** Goal of the exercise **
Given the records below, the lines starting at the line with "Green Screen Stock" and ending at the line with "Being Grateful Even in the Hardest of Times" should be output exactly, both end lines kept and pictures left out.

** Material shown **

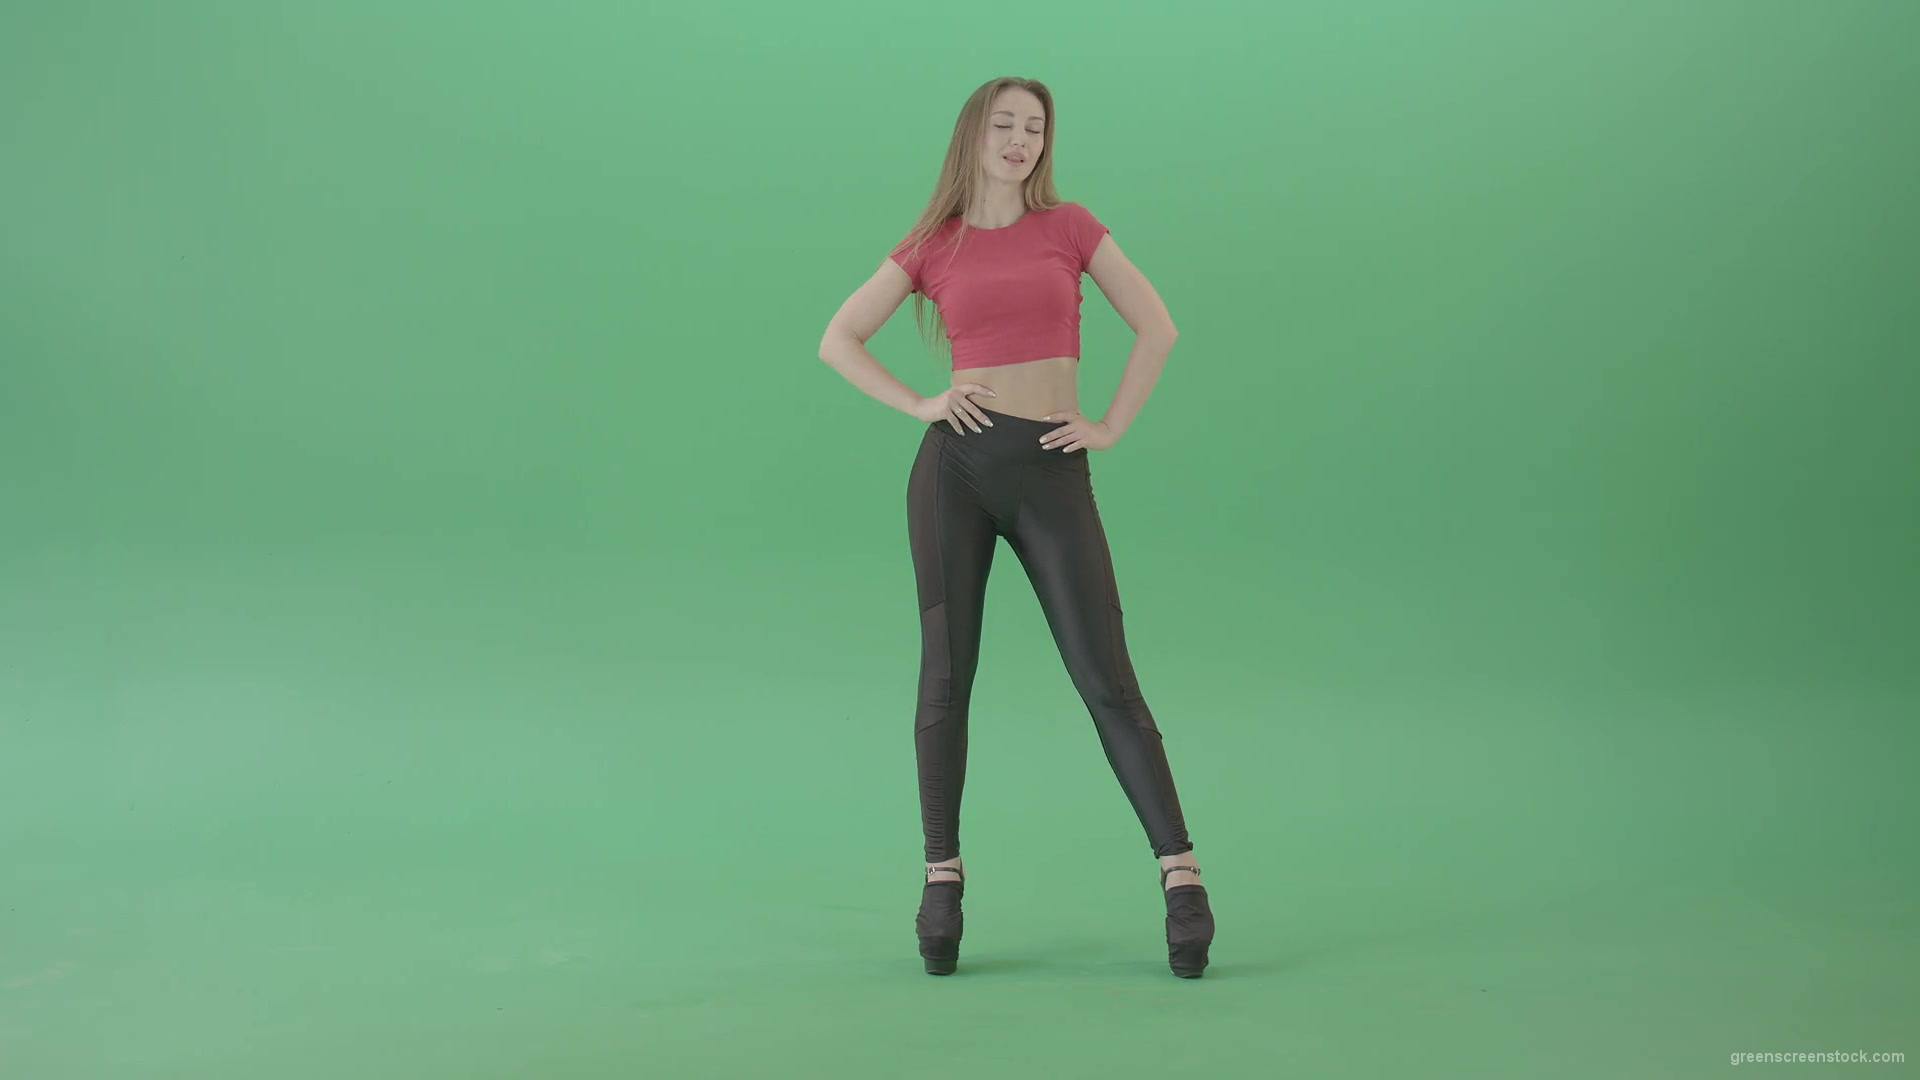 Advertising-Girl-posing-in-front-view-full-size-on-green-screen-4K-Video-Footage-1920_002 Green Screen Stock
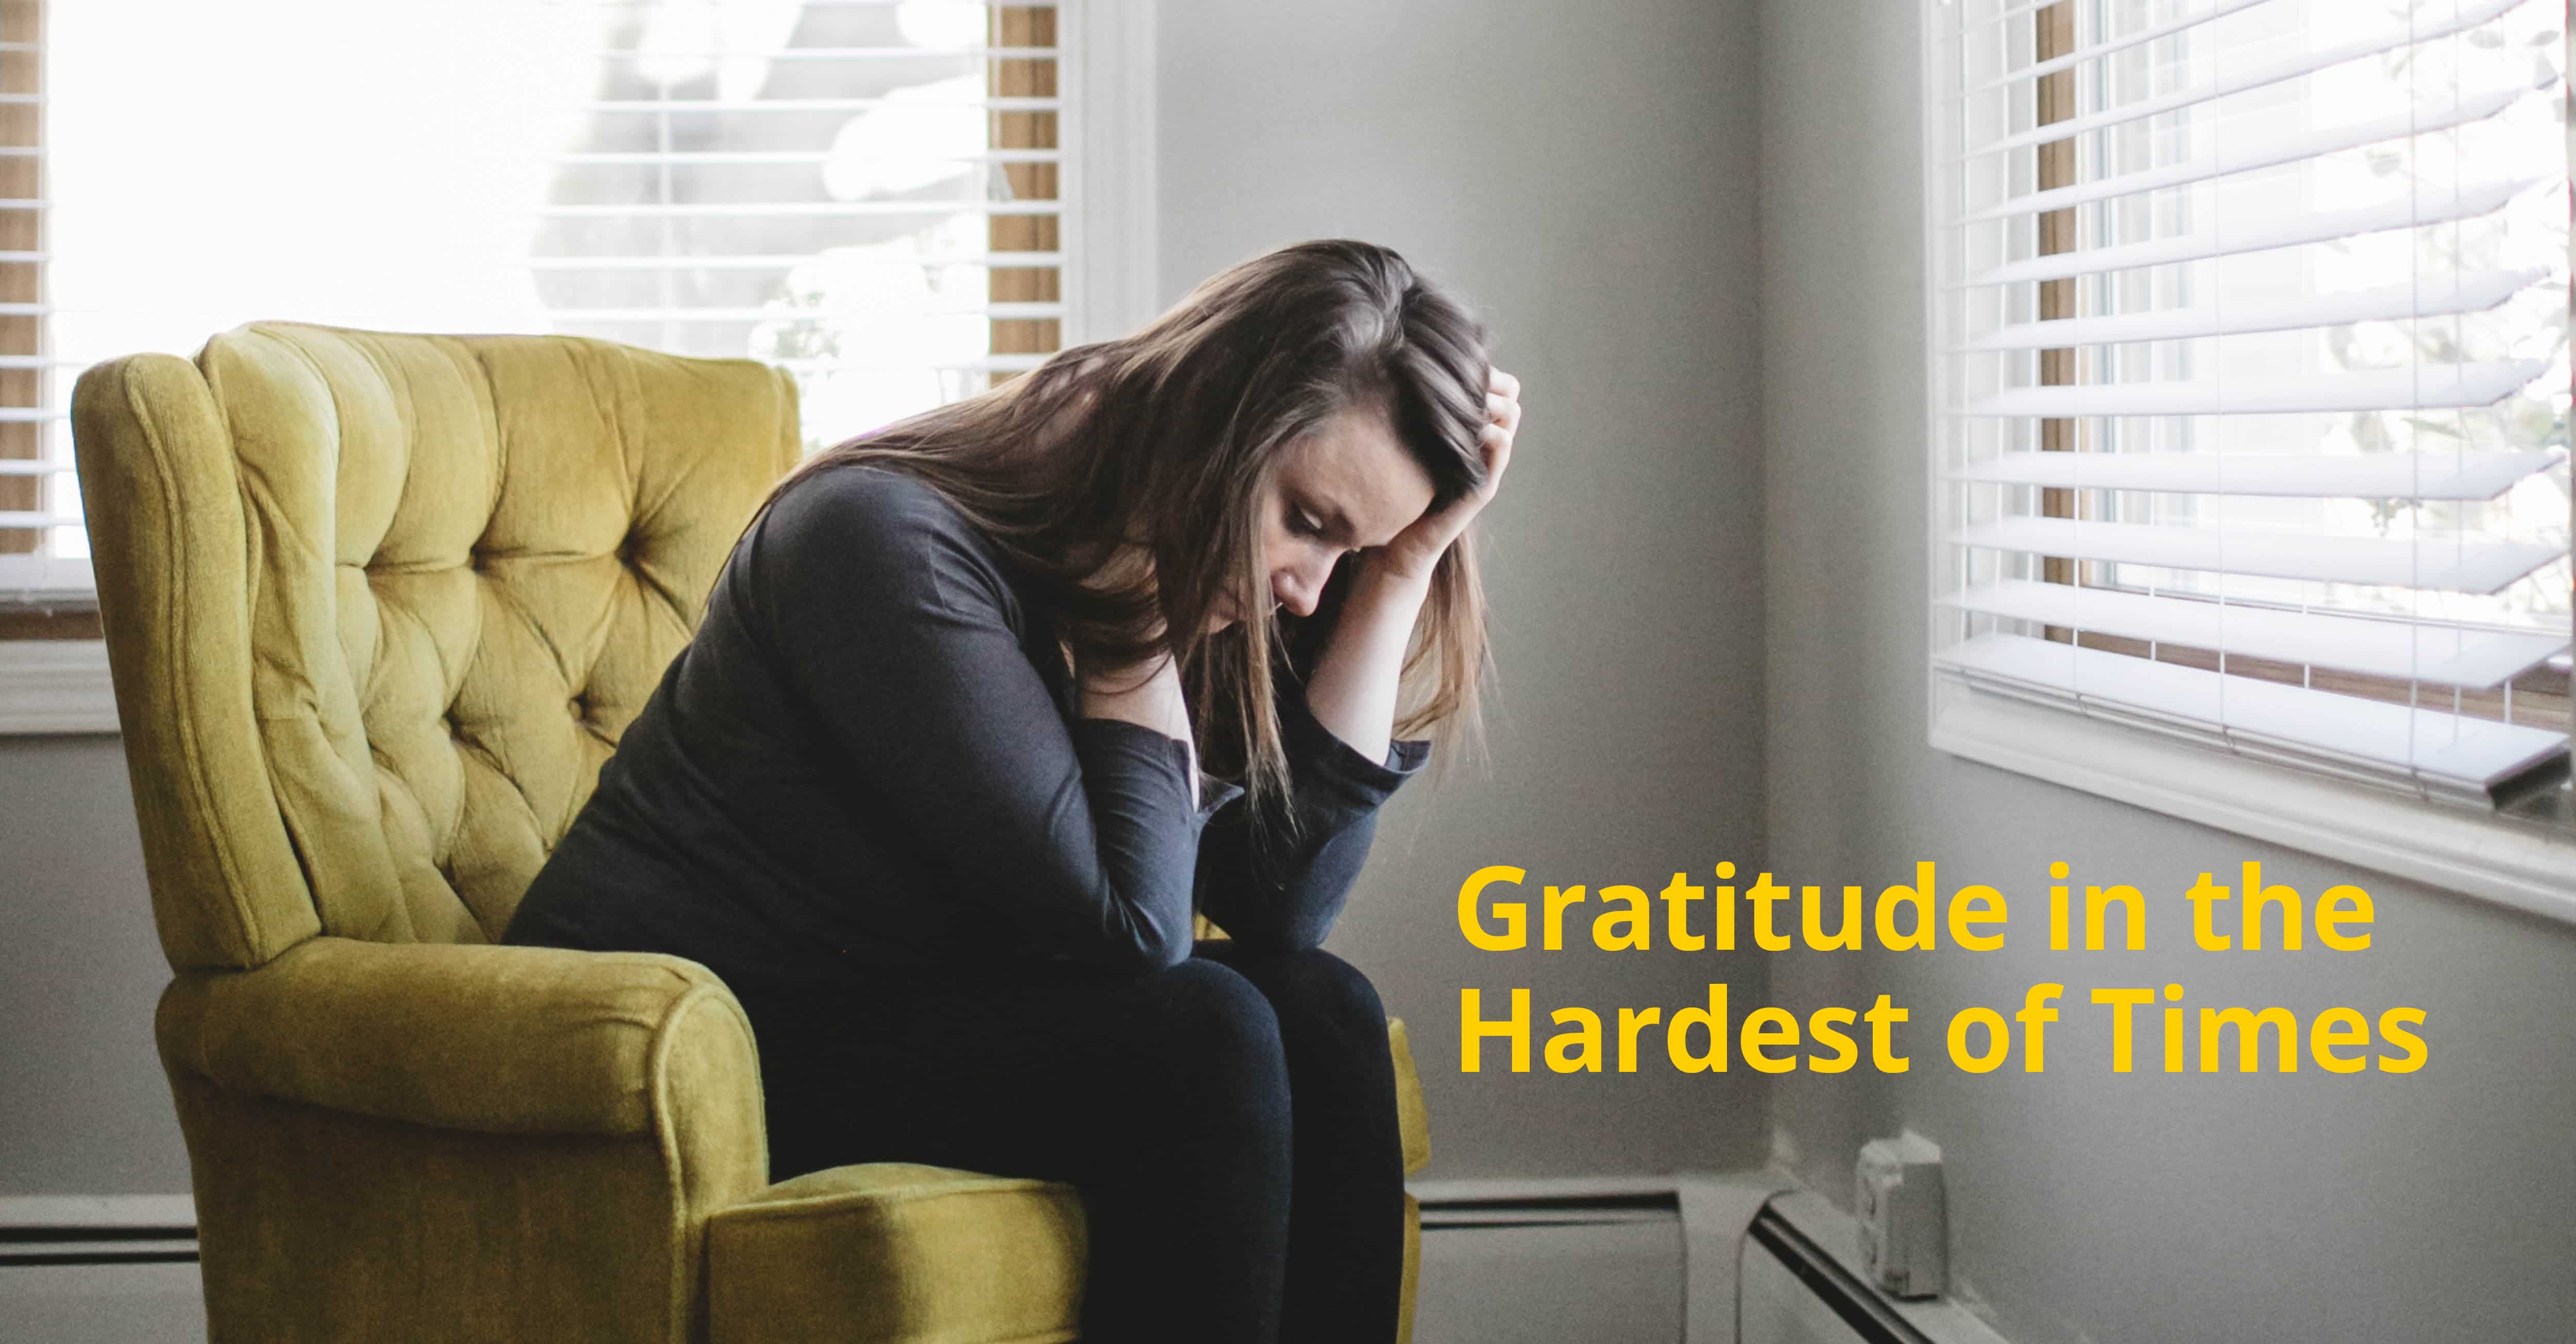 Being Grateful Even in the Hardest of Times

* * *

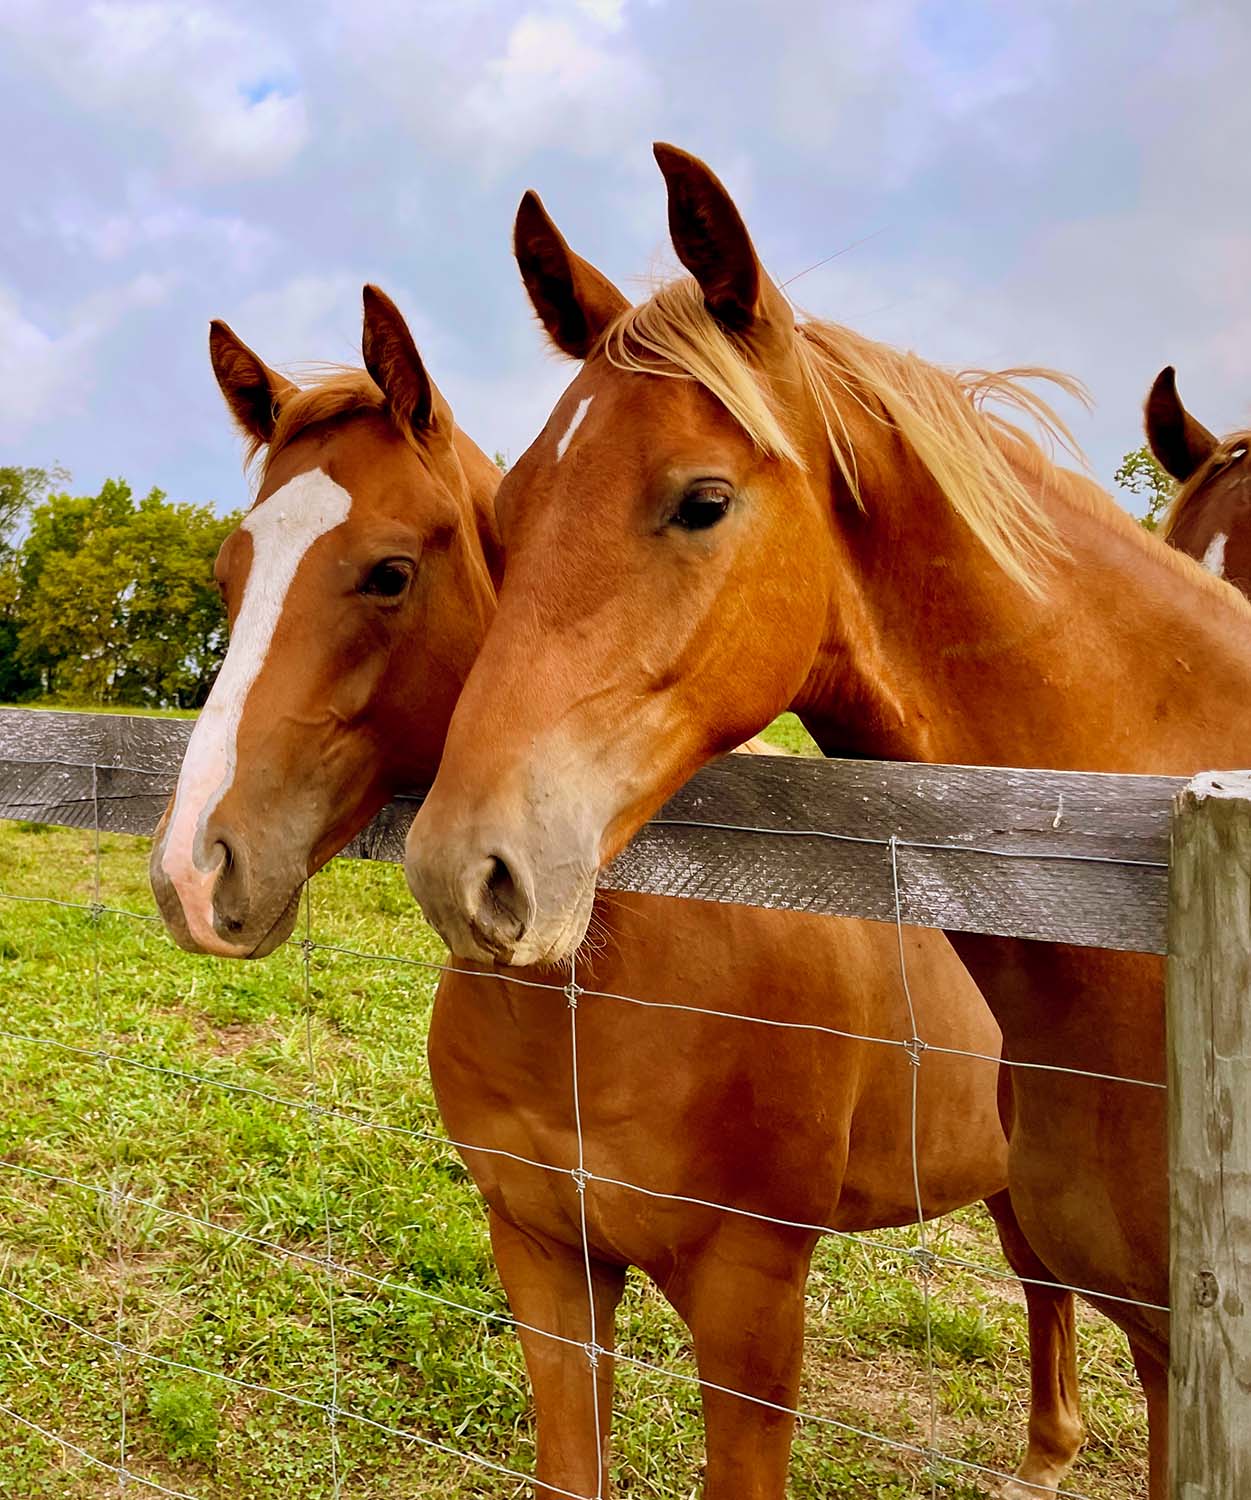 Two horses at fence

** Task output **
 Advertising-Girl-posing-in-front-view-full-size-on-green-screen-4K-Video-Footage-1920_002 Green Screen Stock
 Being Grateful Even in the Hardest of Times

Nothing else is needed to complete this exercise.